After a rapid expansion of the company’s bistro business during the 1980s and a well-executed series of strategic acquisitions in 1990s made it one of the country’s elite coffee processors and distributors, Van Houtte entered the 21st Century as a highly prolific, fully-integrated coffee company with a big presence in Quebec’s OCS (office coffee service) segment, a thriving chain of bistro-style cafes throughout Quebec, and a Canadian customer base estimated at over 60,000 offices, cafeterias, grocery and convenience stores, restaurants, hotels and other places of employment.
With growing market share and exceptional brand loyalty making it an increasingly attractive investment proposition, the company was ultimately acquired by the Vermont-based Green Mountain Coffee Roasters, Inc. (GMCR) for a staggering $915 million at the end of 2010—setting stage for a healthy inf lux of capital investment from the new owners into Van Houtte’s two production facilities in Montreal, as well as a Toronto-based Timothy’s plant also  acquired by GMCR in 2009.

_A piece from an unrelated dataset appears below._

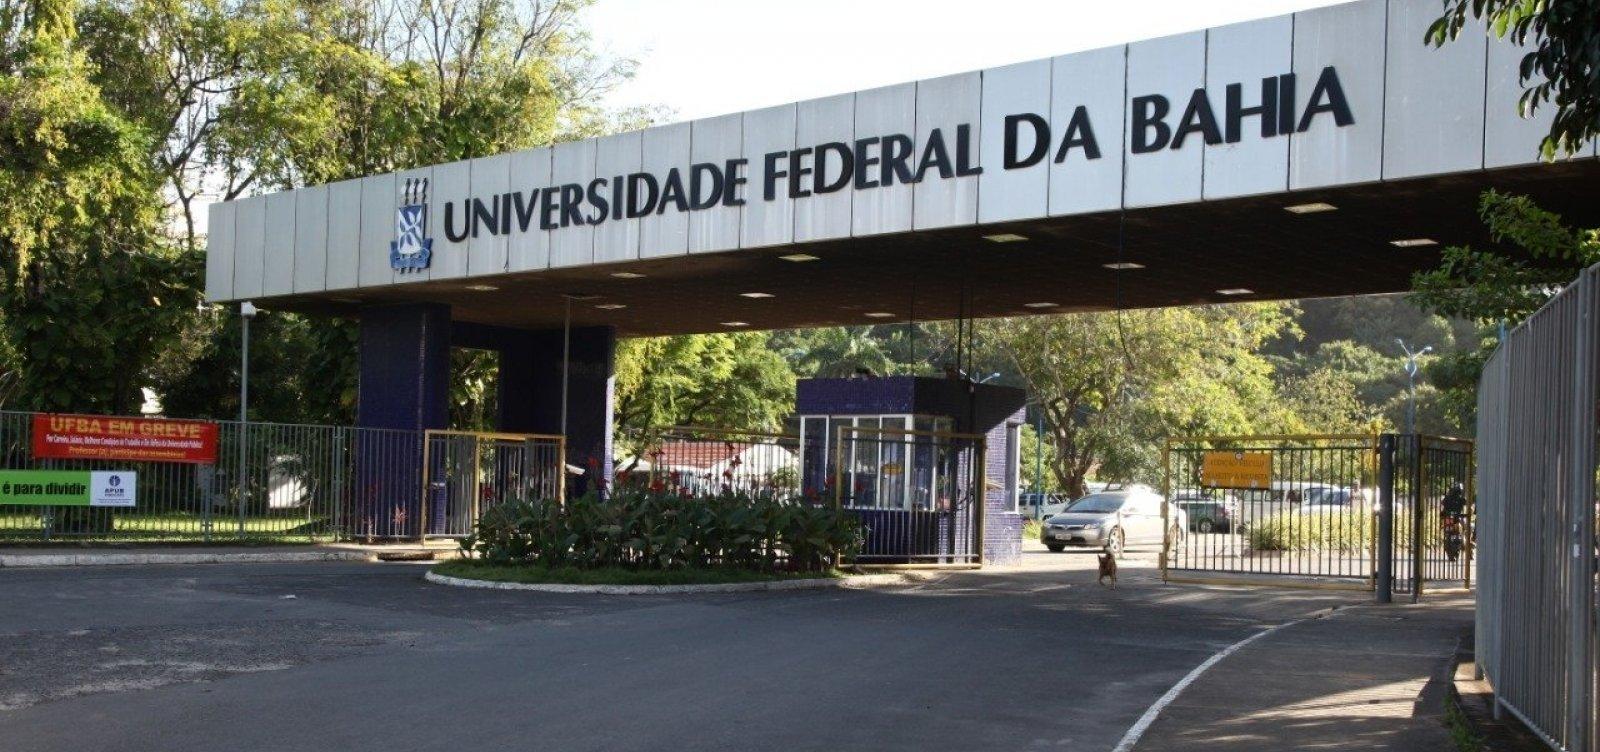 Universidades da Bahia abrem matrículas para selecionados no Sisu; confira prazos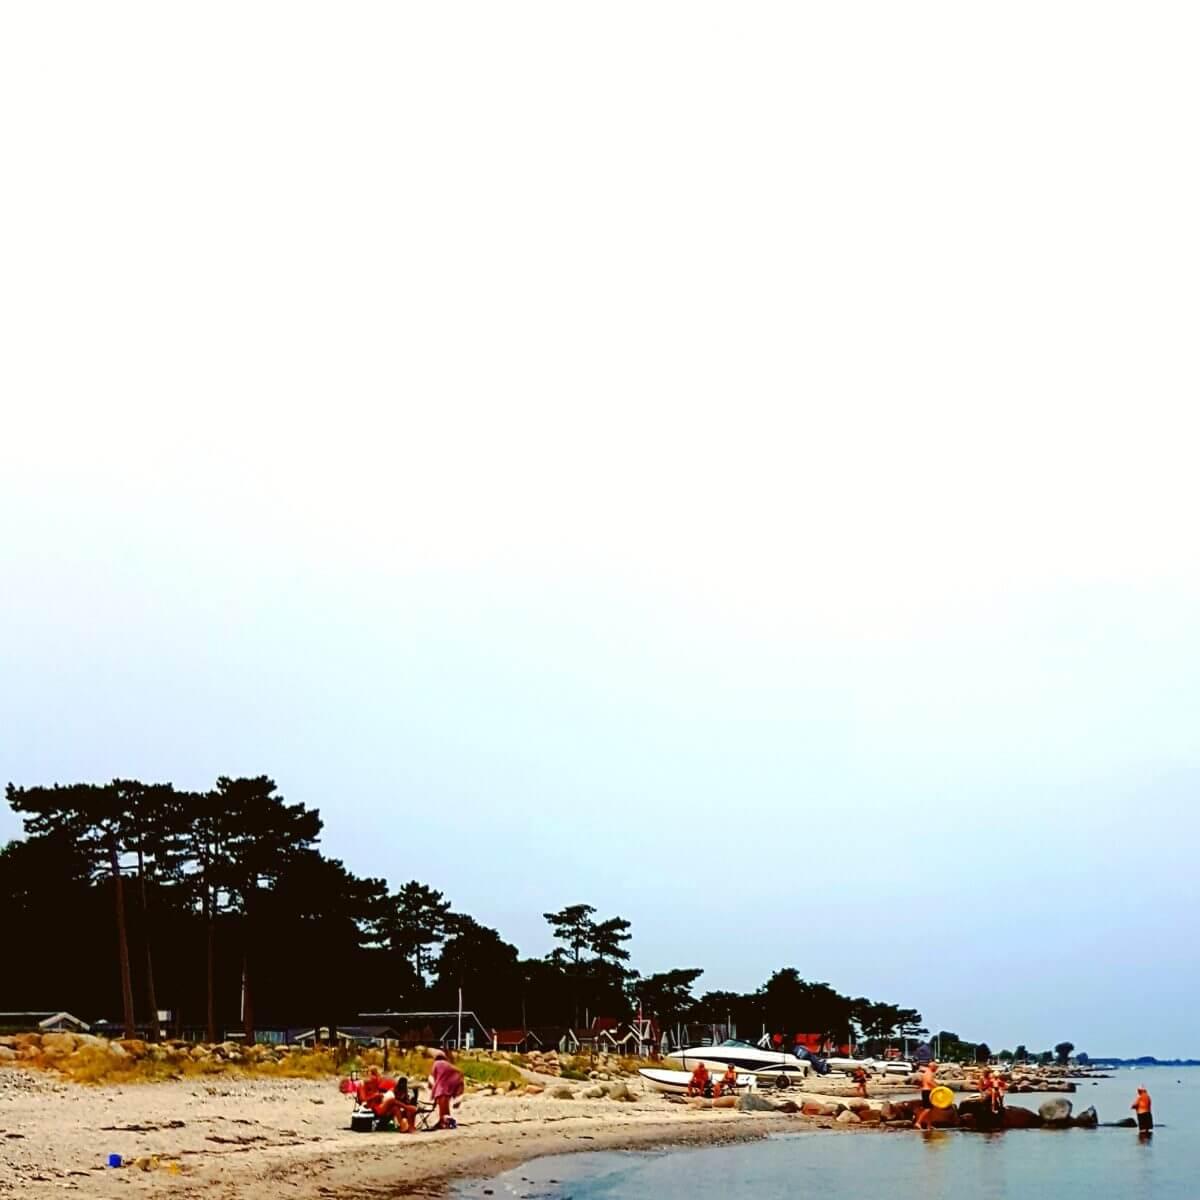 Vakantie met kids: sprookjesachtig Funen in Denemarken - Hasmark bij schiereiland Enebærodde

“It is a highly competitive global business where you really need to have both product innovation and good process automation to succeed,” says Jean-Francois Vallée, engineering and maintenance director at the central Montreal production facility now operating under the GMCR Canada Group L.P. as GMCR’s CBU (Canadian business unit) manufacturing enterprise.
Having joined the Montreal facility in January of 2006, Vallée is mandated with carrying out prime responsibilities for the specification, selection, installation, and integration of all of the plant’s processing, packaging, facility management, HVAC (heating, ventilation and air-conditioning) and other key systems and equipment deployed at the Montreal operations.
Naturally, it’s a job that keeps Vallée and his highly-skilled teams of engineering and maintenance technicians busy throughout the year.
“There’s always something that needs to be done,” says Vallée, who is also mandated to look after the equipment and systems employed at the smaller GMCR’s CBU plant in a nearby St-Laurent suburb, two distribution centers occupying over 140,000 square feet of warehousing space between them, and the administrative offices.

A Domino model A220 small-character CIJ printer applies highly legible, multiple text and product code lines onto the round sides of the round plastic K-Cup packs making their way to the case-packing stations.